30 августа (11 сентября) 1872 года. Среда
Татьяна Дмитриевна Алтынова давно вышла из той поры своей жизни, когда её мучило раскаяние за то, что она сделала, замыслила или намечтала себе. Когда-то, в пору юности, она порой не спала ночи напролёт, поворачивая так и этак собственные поступки и желания. Оценивала их, а порой и сама себя жестоко осуждала. Но то осталось в прошлом. К своим пятидесяти годам беглая жена Митрофана Алтынова бросила заниматься самоедством. Бессмысленно это было и только прибавляло морщин. А Татьяна Дмитриевна с ужасом рассматривала в зеркале каждую новую складочку на своем лице. И до недавнего времени выдергивала у себя все седые волоски. Однако пришлось это занятие забросить: многовато их сделалось. Этак она со своими светло-русыми, почти рыжими волосами станет похожа на плешивую белку!

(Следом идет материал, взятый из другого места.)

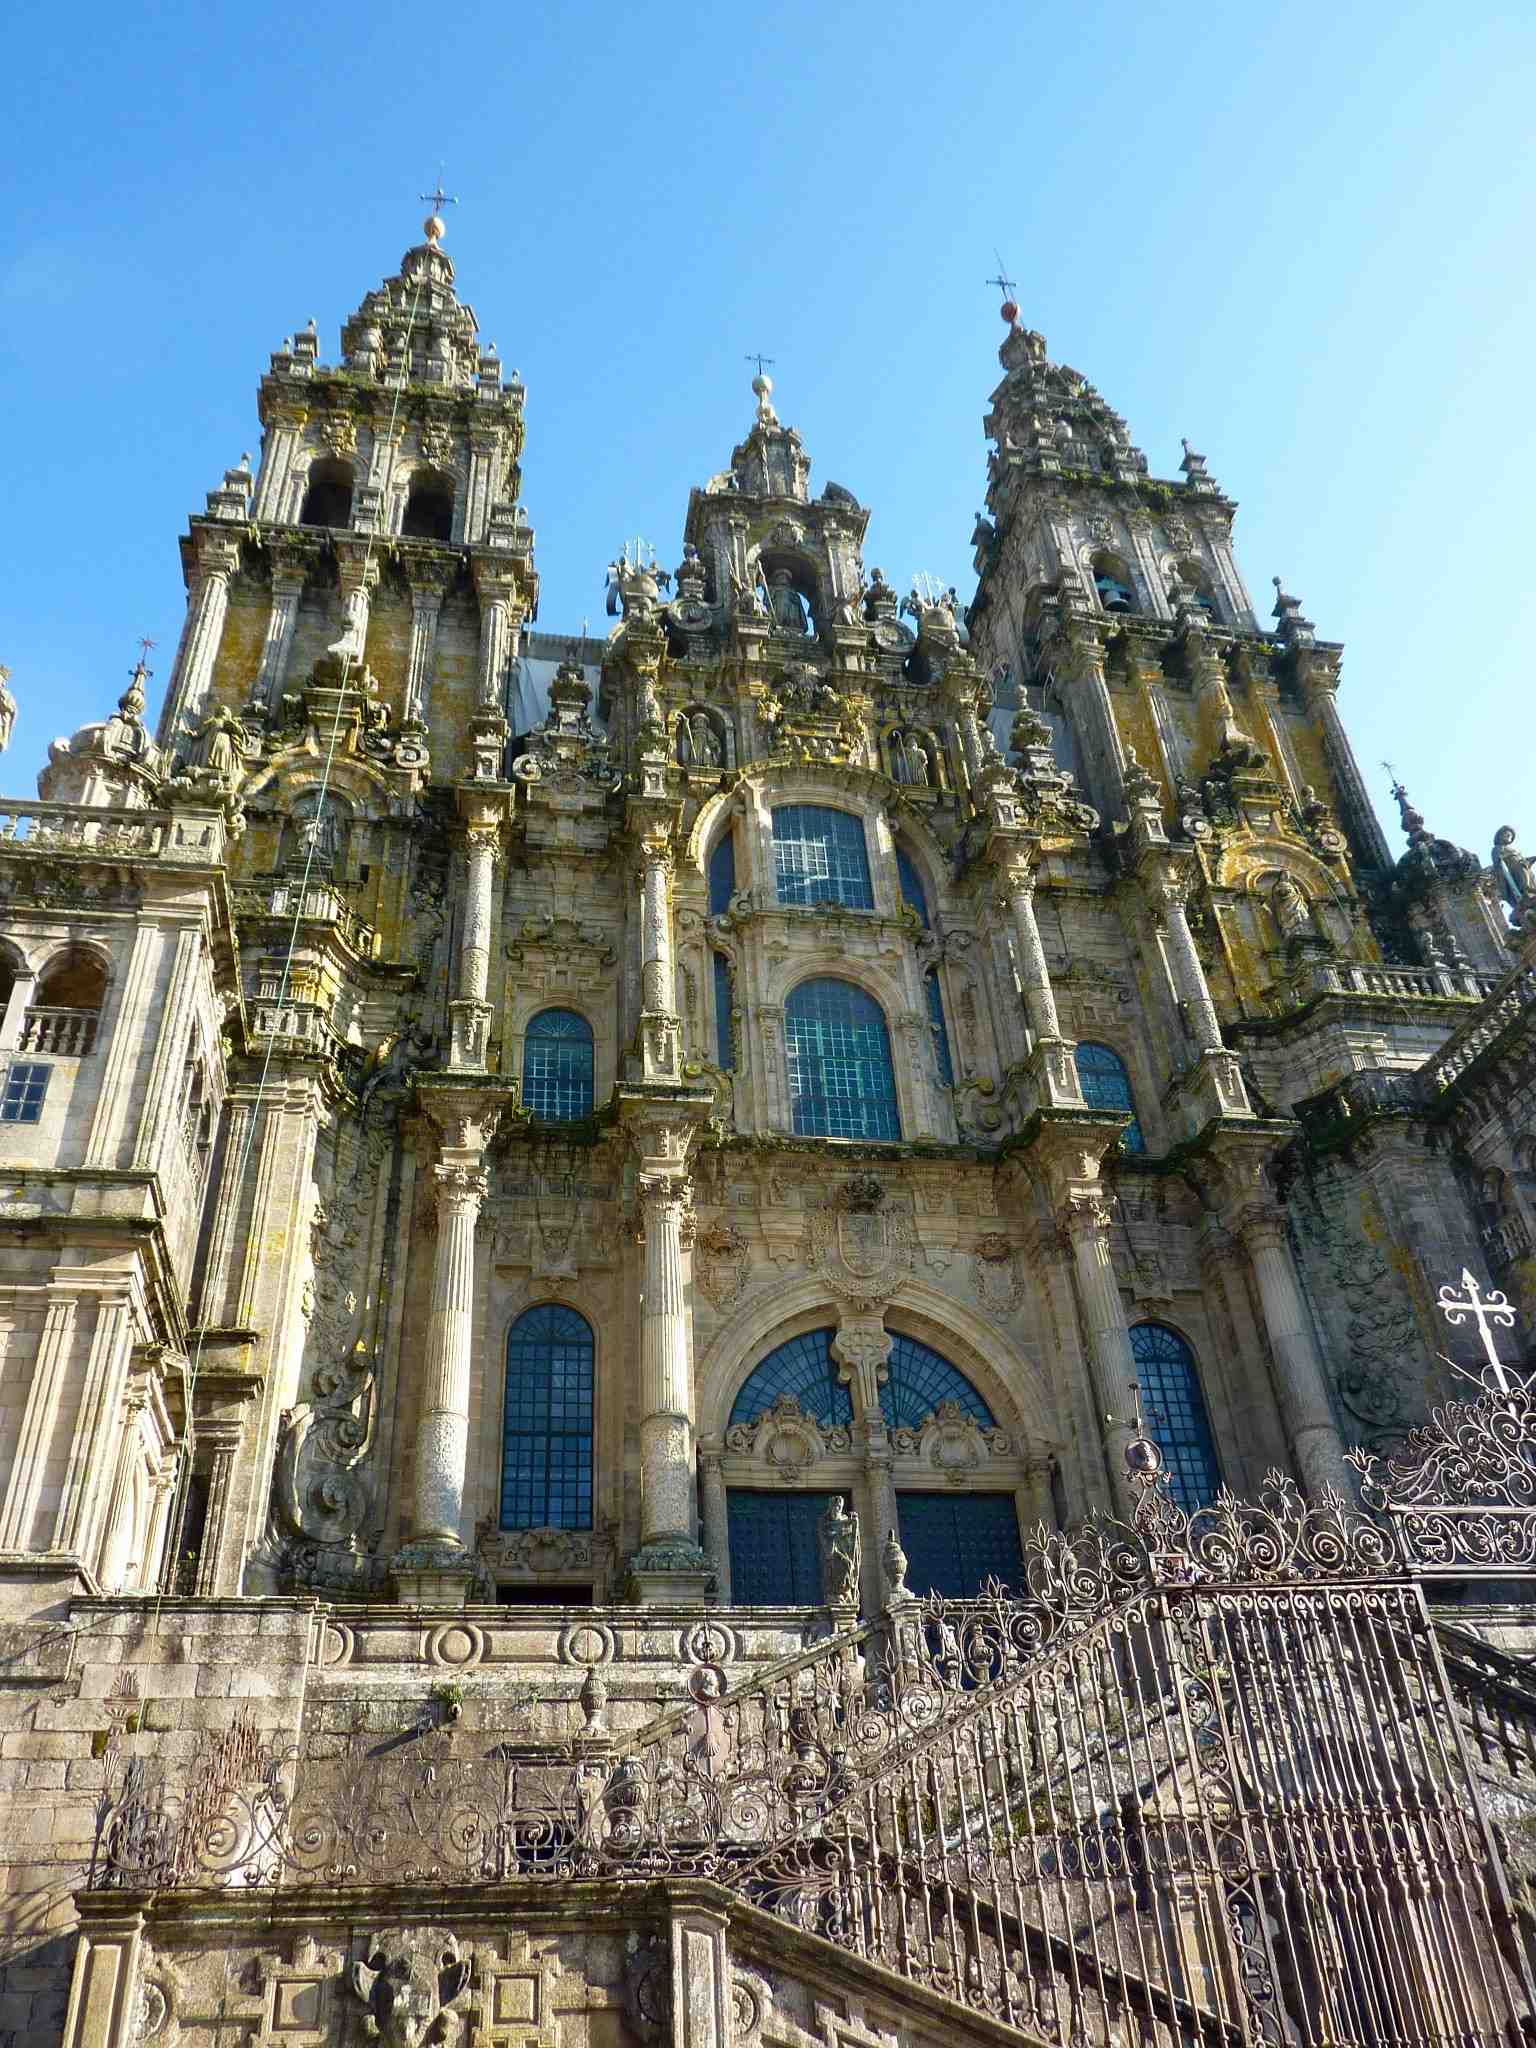 The Church of Santiago de Compostela

А тут ещё и Петя Эзопов нанес ей удар — после того, как они пятнадцать лет были вместе! И он, между прочим, постоянно восторгался её моложавостью. Но вот, поди ж ты: её mignon ami[3]взял, да и вернулся к законной супруге своей Софье, золовке Татьяны Дмитриевны. И ладно бы, она была моложе Татьяны, так нет: они обе находились в одних летах! И выходило, что Софья Эзопова, в девичестве — Алтынова, в свои пятьдесят оказалась более привлекательной в глазах Петра Филипповича, ценителя женской красоты.

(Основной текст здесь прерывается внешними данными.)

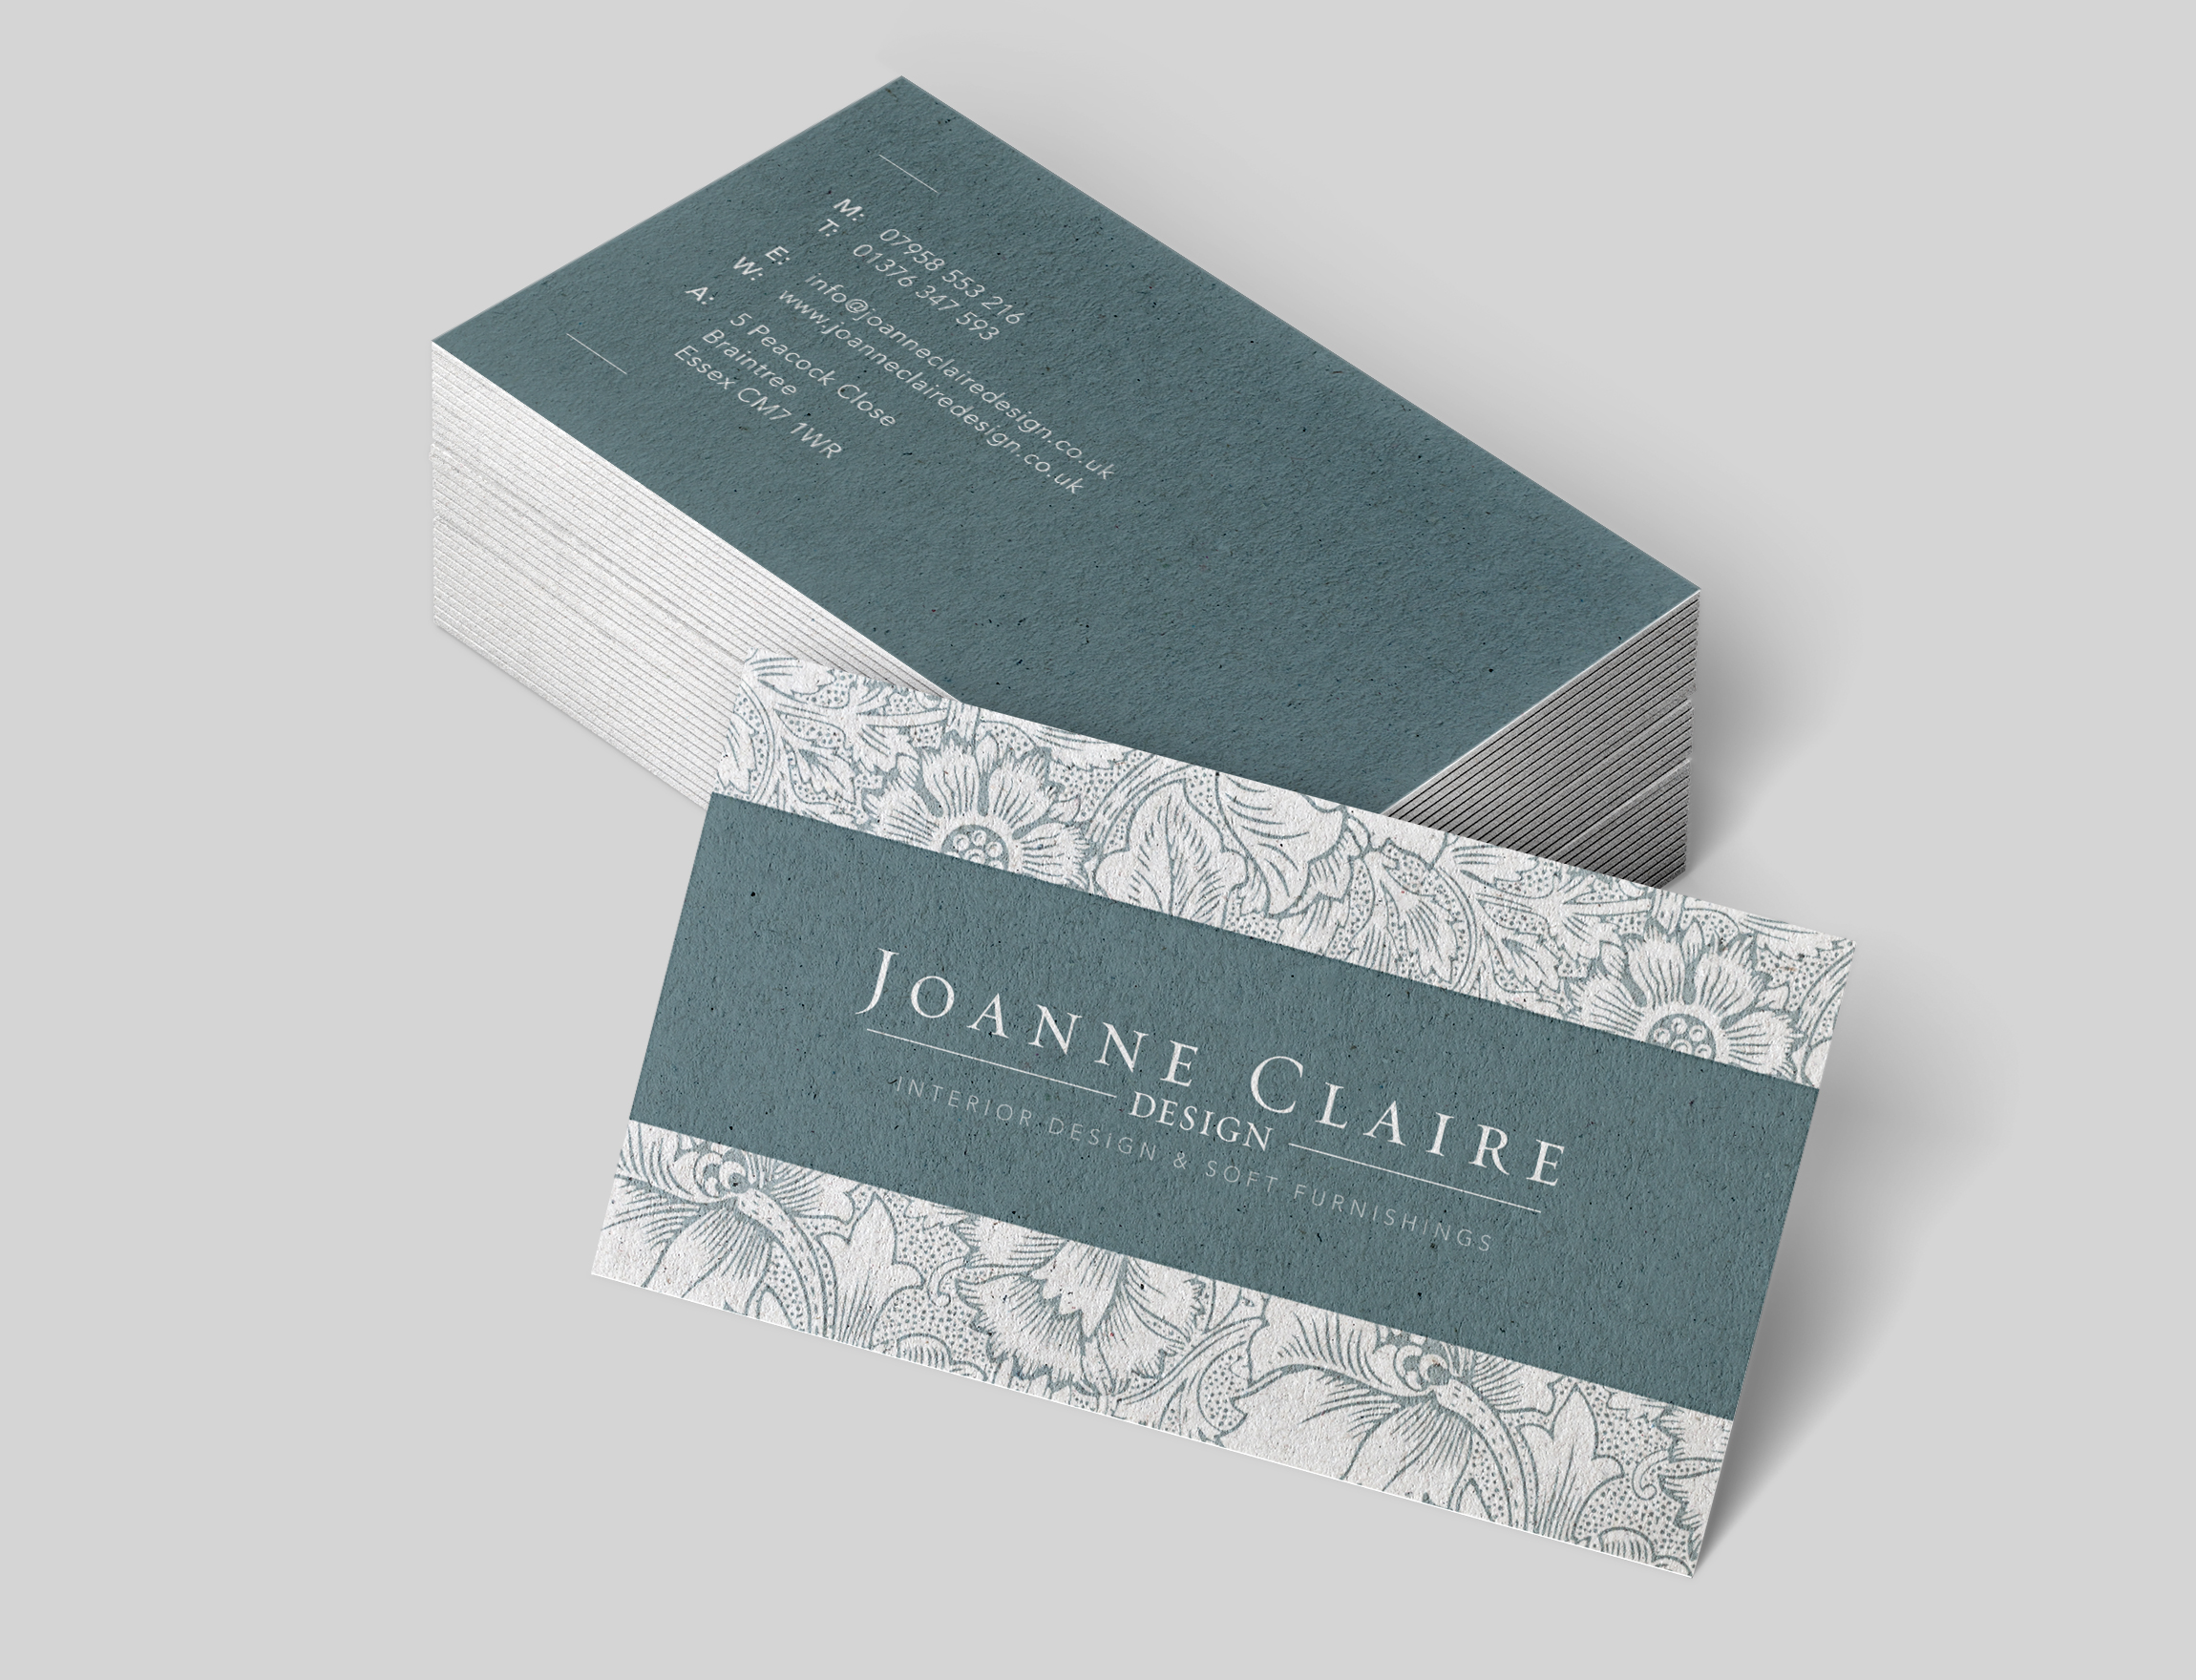 Joanne Claire Design

Этой мысли Татьяна Дмитриевна вынести не могла. Потому-то, когда здесь, в Живогорске, к ней заявился тот человек со своим немыслимым предложением, она не выставила его прочь. А, главное, поверила ему, хотя уж точно не считала себя наивной дурочкой! Ха-ха, ну, подумаешь: искуситель пообещал ей вечную молодость. Почему, спрашивается, она не должна была ему верить, если именно этого желала сильнее всего на свете? Тем более что взамен её визитер только и хотел, что получить постоянный и беспрепятственный доступ в алтыновский склеп, что располагался на Духовском погосте. Правда, когда она спросила: «А что там, в этом склепе?», её посетитель принялся мяться, прятать глаза и внятного ответа ей так и не дал. Сказал: он хочет произвести какие-то исторические изыскания. А Татьяну Дмитриевну так ослепили описанные ей перспективы омоложения, что она не стала дознаваться. Сразу же на предложенные условия согласилась
Однако с посещением склепа всё оказалось не так просто. Ключ-то от него Татьяна легко раздобыла: Лукьян Андреевич Сивцов сделал по её просьбе дубликат. И не поинтересовался даже, для чего ей это понадобилось. Но, когда она попробовала отпереть этим ключом дверь погребальницы, ничего не вышло. Ключ легко проворачивался в замке, раздавался щелчок, но — дверь не открывалась! Уж Татьяна Дмитриевна и плечом её толкала, и даже ударяла в неё ногой — всё без толку.
Вот тут-то и стало до Татьяны Дмитриевны доходить: исполнить свою часть договора ей будет нелегко. Пожалуй, она и сама могла бы догадаться, что попасть в склеп Алтыновых кто угодно не сумеет. А иначе с какой радости её визитеру было так стараться: заключать с ней мефистофельскую сделку? Он мог бы просто взломать замок, и вся недолга.
И Татьяна Дмитриевна решила обратиться за советом к женщине, которая много лет являлась её конфиденткой и помощницей: к Агриппине Ивановне Федотовой. Увы, та укатила к тому времени в подмосковную усадьба «Медвежий Ручей»: вызволять оттуда свою внучку Зинаиду. Но Татьяна отправила ей с нарочным подробнейшее письмо обо всём произошедшем. И попросила её дать подсказку: что предпринять, дабы открыть заклинившую дверь?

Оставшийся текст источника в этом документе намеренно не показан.